High exposure to aircraft noise may have a negative impact on residents’ natural and living environment as it disturbs people’s daily activities. People might be more concerned about the noise exposure, increasing air traffic, lowering housing prices, lower air quality, negative developmental effects in children and the feeling of shame for the noise. When people feel ashamed in front of their friends or families for the noise exposure at their homes, a direct negative impact on their social life is likely to result. Non-acoustic factors such as increased concerns may alter people’s well-being, impact their health and their social life and in that way affect their QoL.

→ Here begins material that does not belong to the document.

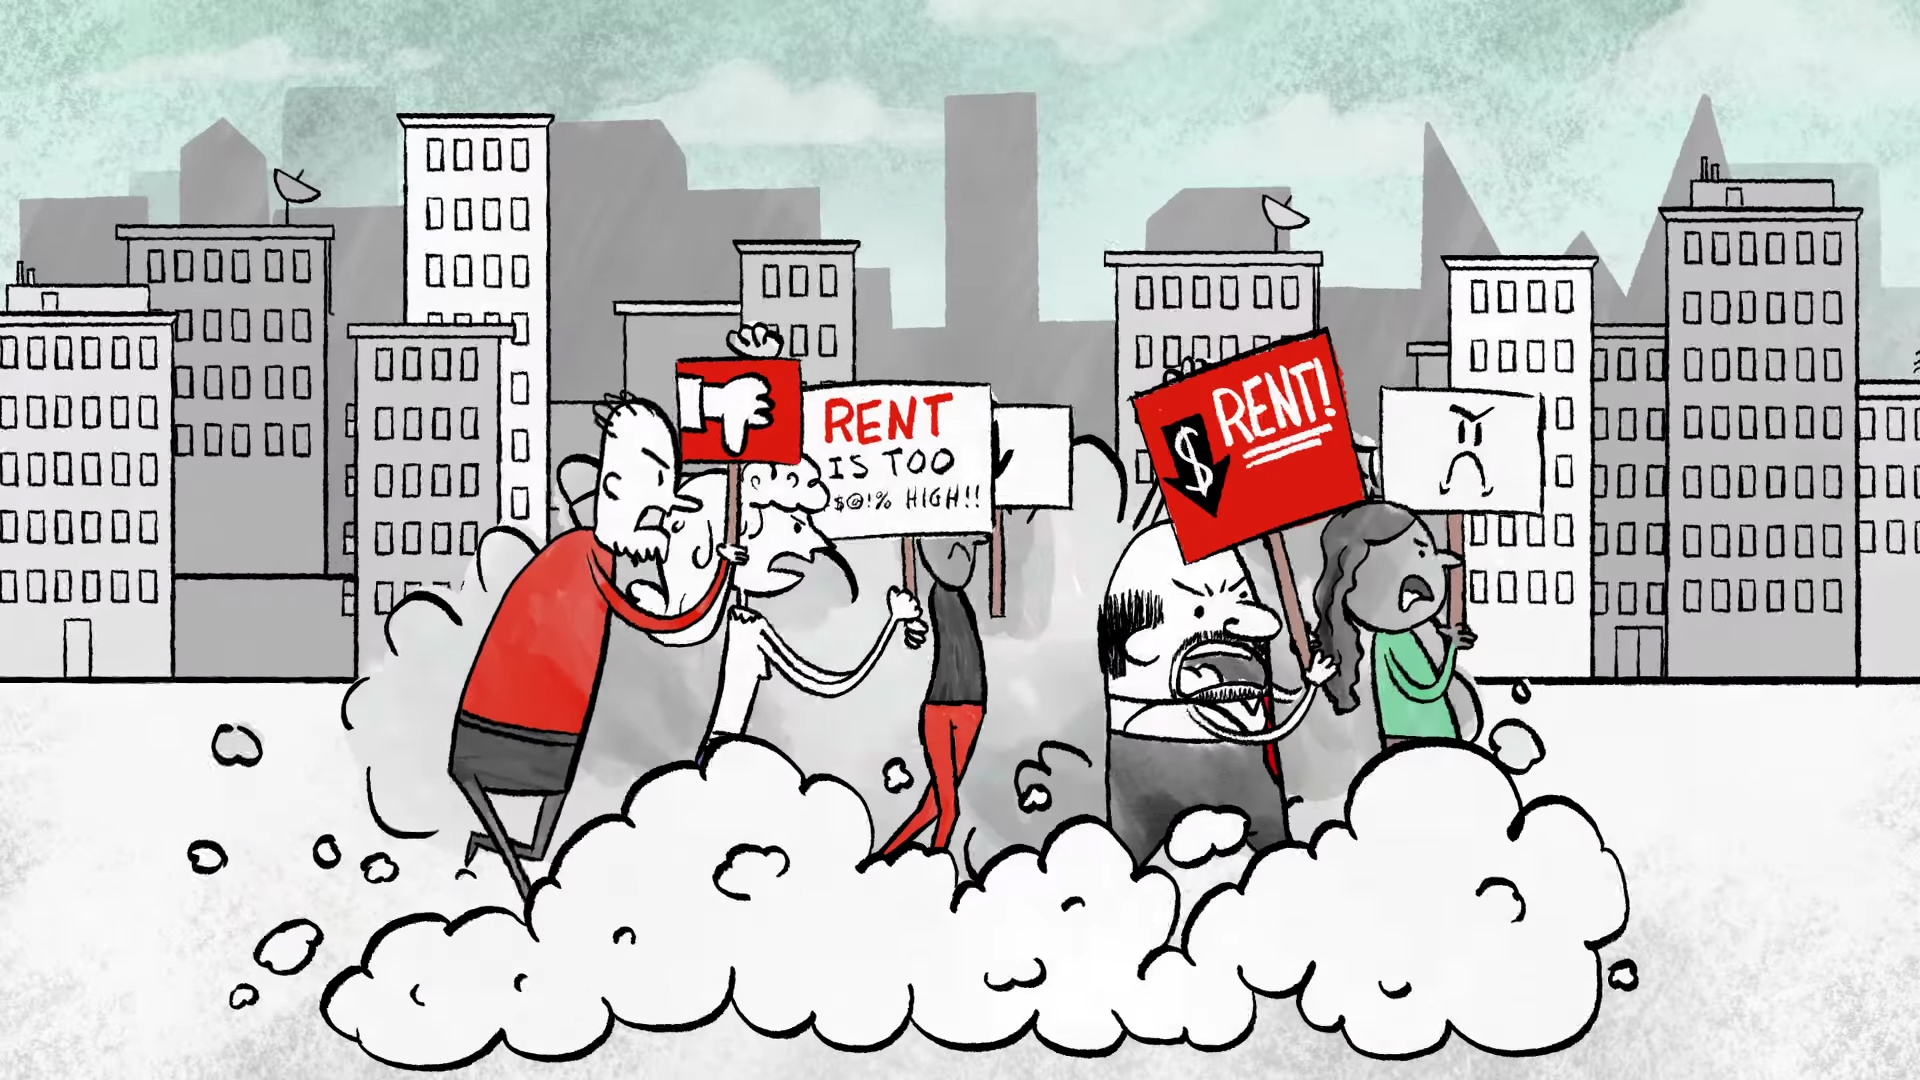 Rentcontrol protesters

Productive or Main Activity
It seems that an economic relationship with the airport creates fewer negative associations with aviation. Most people working for the aviation industry trust their company and they identify themselves with aviation and their work. Their residential satisfaction may be high and together with less concerns their perception of noise annoyance may be limited. In this way, non-acoustic factors related to noise annoyance are intertwined with the residents’ QoL.
Education and Leisure
There are dimensions where airports can have a direct positive impact on their neighborhood. Airports can have a beneficial take on improving quality of life in adding value to certain aspects such as structural improvements (e.g. infrastructure), supporting leisure activities in sponsoring training gear for local sports clubs, providing access to education, knowledge, public activities, leisure and cultural places, general aviation or drone areas. Research indicated that children living in the vicinity of airports show impaired reading abilities, explained by aircraft noise exposure [69]. Creating access to education, knowledge, libraries and learning facilities may be a way to respond to impaired reading abilities or even counteract adverse effects. Regarding leisure time, as mentioned in the section on the non-acoustic factor of “Access to greenery and recreational areas” the possibility to recreate is able to minimise annoyance. In addition, it is also an important aspect of QoL, both for children, and adults in general as it allows physical activities, learning by playing, it improves health and allows for recovery from daily stress.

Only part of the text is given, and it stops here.